You can view a deployment to get information of your application.

  1. Container Platform, and navigate to Workloads > Deployments.
  2. Locate the Deployment you wish to view.
  3. Click the deployment name to see the Details, Topology, Logs, Events, Monitoring, etc.

#Updating a Deployment

  1. Container Platform, and navigate to Workloads > Deployments.
  2. Locate the Deployment you wish to update.
  3. In the Actions drop-down menu, select Update to view the Edit Deployment page.

#Deleting a Deployment

  1. Container Platform, and navigate to Workloads > Deployments.
  2. Locate the Deployment you wish to delete.
  3. In the Actions drop-down menu, Click the Delete button in the operations column and confirm.

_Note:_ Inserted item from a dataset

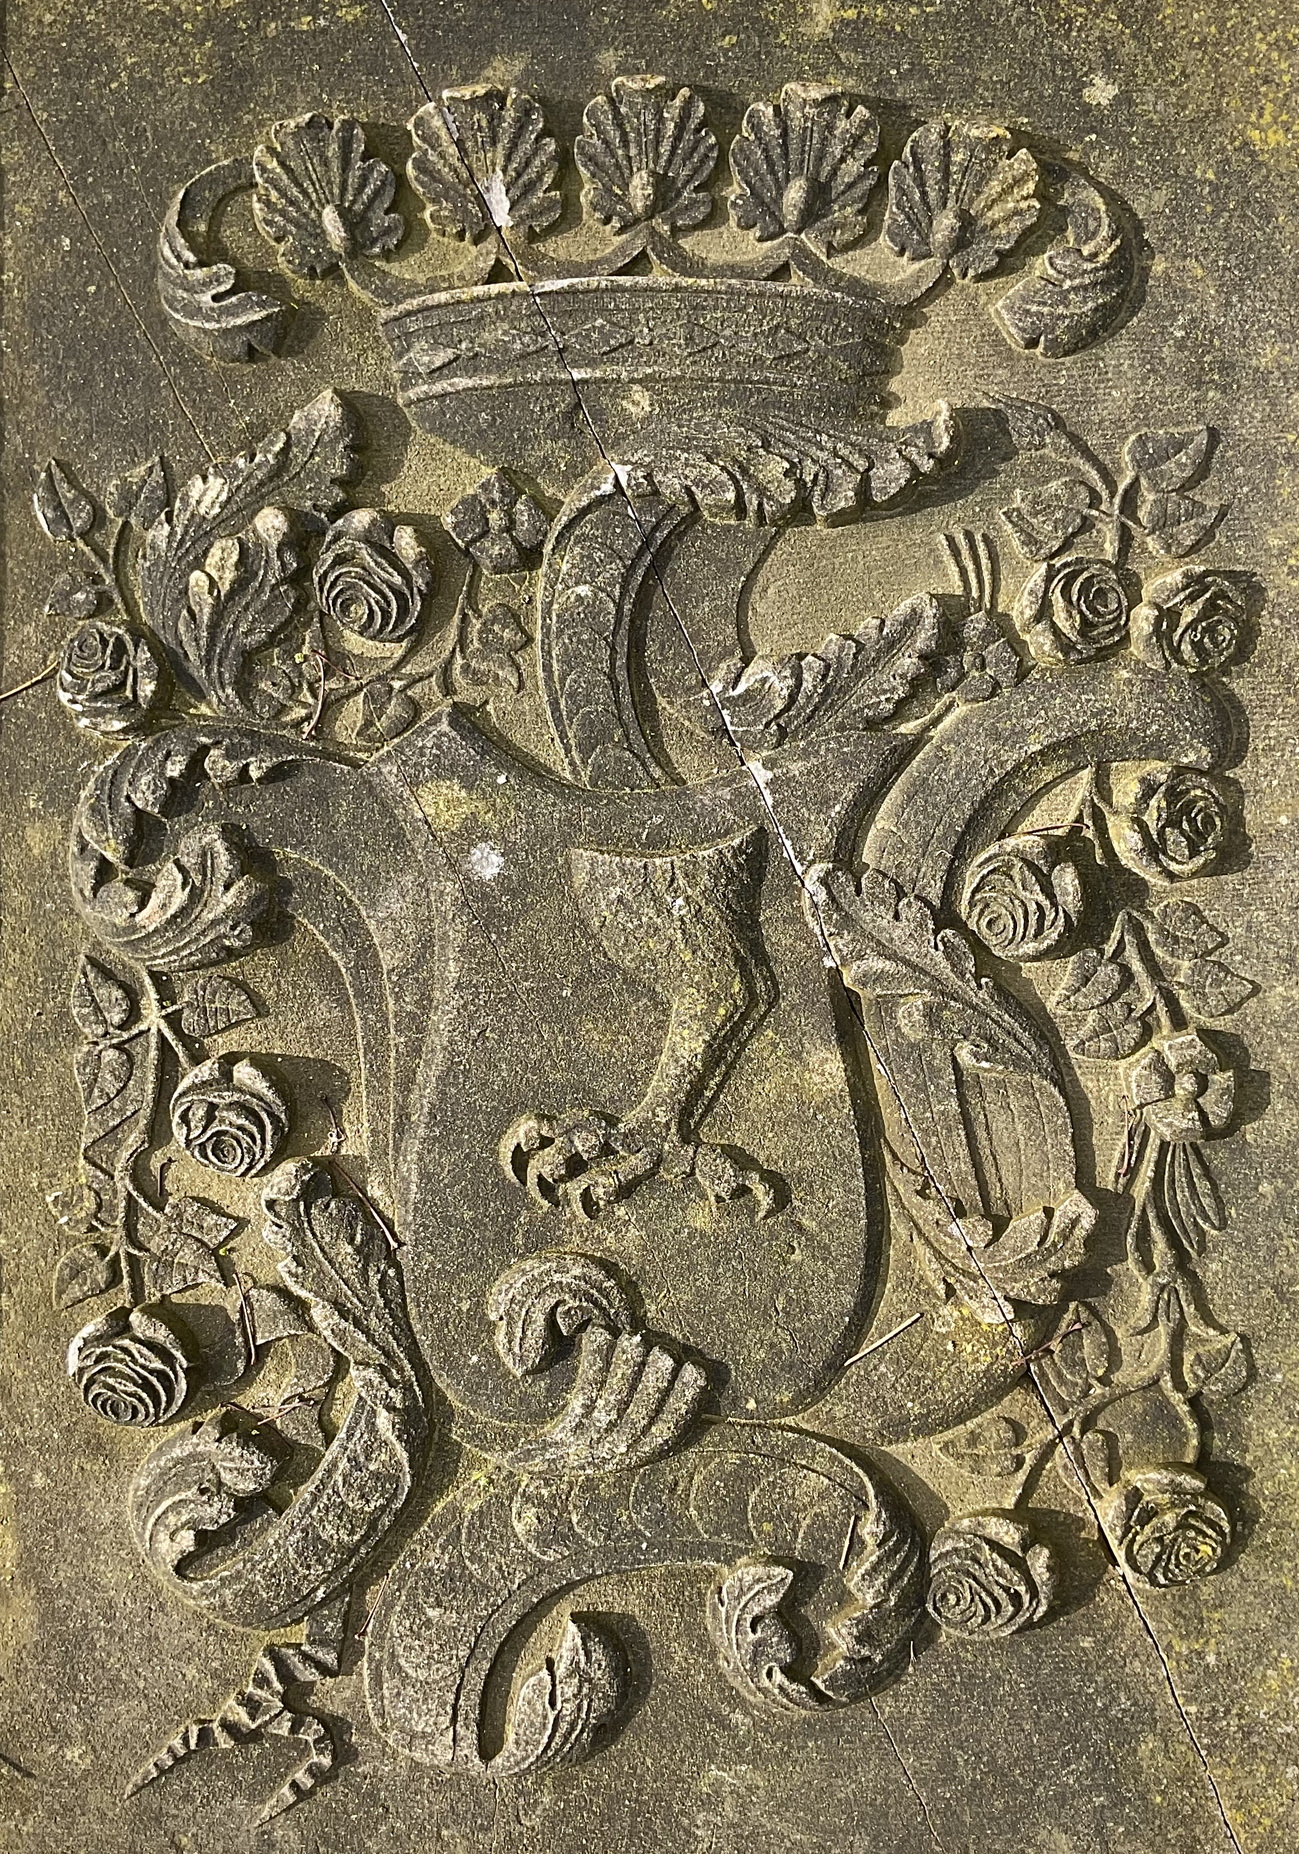 Het wapen van Coenraad Hendrik Piccardt op zijn grafsteen. (Officieel) in blauw een gouden adelaarspoot. Helmteken: een vlucht, waartussen een adelaarspoot. Dekkleden: blauw en goud. Foto: (c)Jur Kuipers.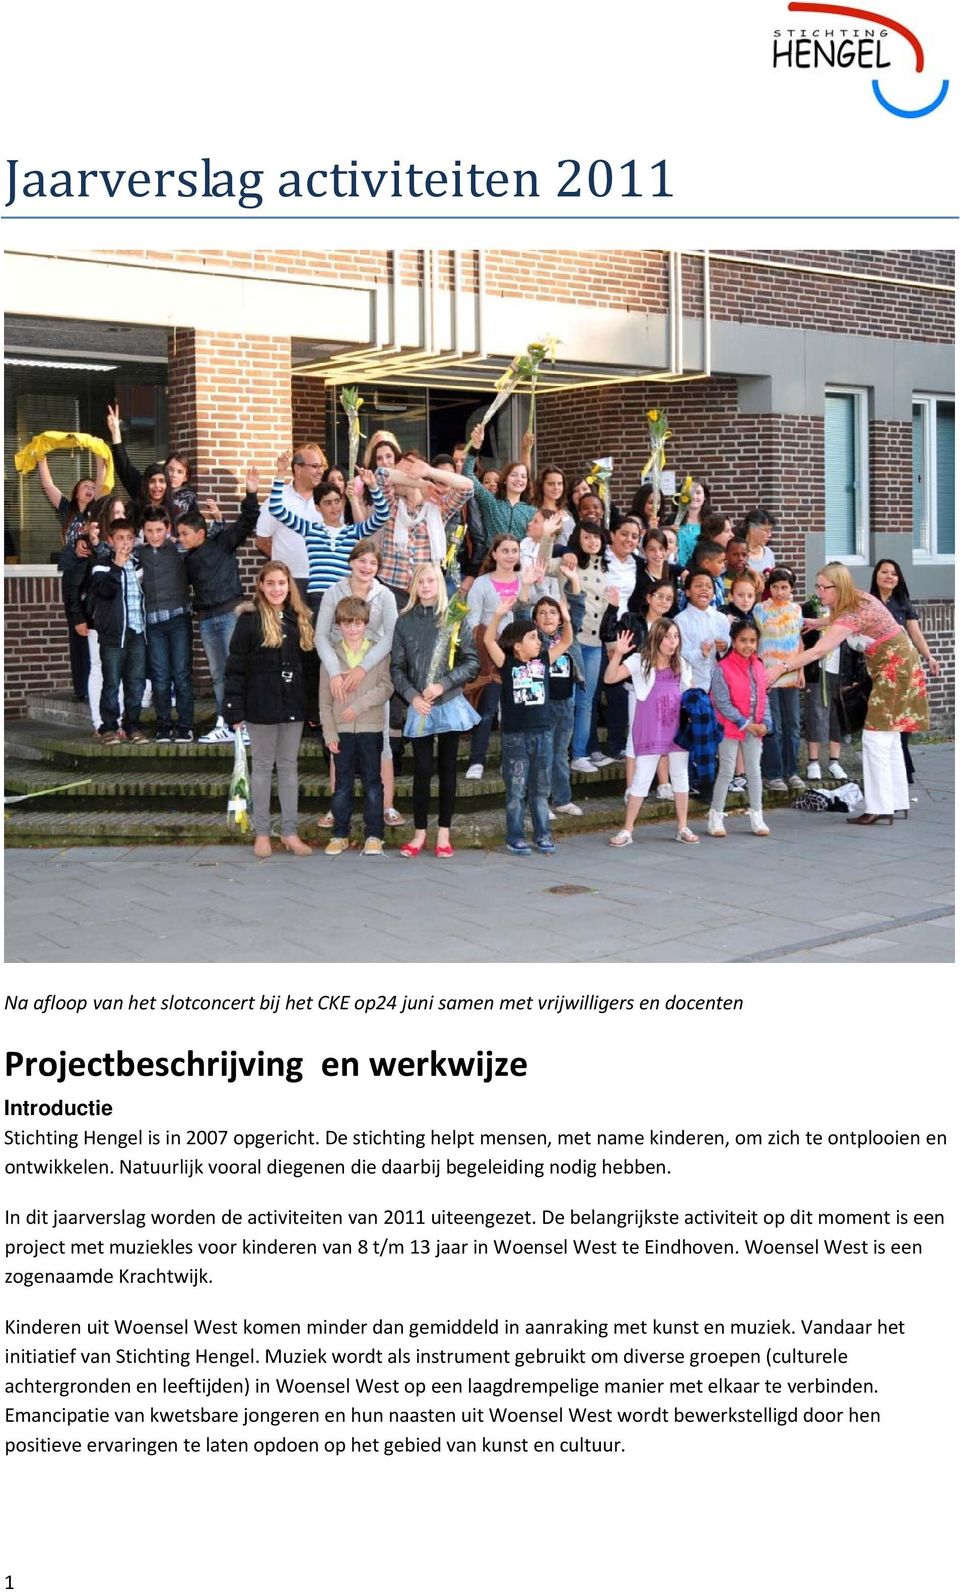 In dit jaarverslag worden de activiteiten van 2011 uiteengezet. De belangrijkste activiteit op dit moment is een project met muziekles voor kinderen van 8 t/m 13 jaar in Woensel West te Eindhoven.

#Troubleshooting by using CLI

When a Deployment encounters issues, here are some common troubleshooting methods.

#Check Deployment status

kubectl get deployment nginx-deployment
kubectl describe deployment nginx-deployment # View detailed events and status

#Check ReplicaSet status

kubectl get rs -l app=nginx
kubectl describe rs <replicaset-name>

#Check Pod status

kubectl get pods -l app=nginx
kubectl describe pod <pod-name>

#View Logs

kubectl logs <pod-name> -c <container-name> # View logs for a specific container
kubectl logs <pod-name> --previous         # View logs for the previously terminated container

#Enter Pod for debugging

kubectl exec -it <pod-name> -- /bin/bash # Enter the container shell

#Check Health configuration

Ensure livenessProbe and readinessProbe are correctly configured, and your application's health check endpoints are responding properly. Troubleshooting probe failures

#Check Resource Limits

Ensure container resource requests and limits are reasonable and that containers are not being killed due to insufficient resources.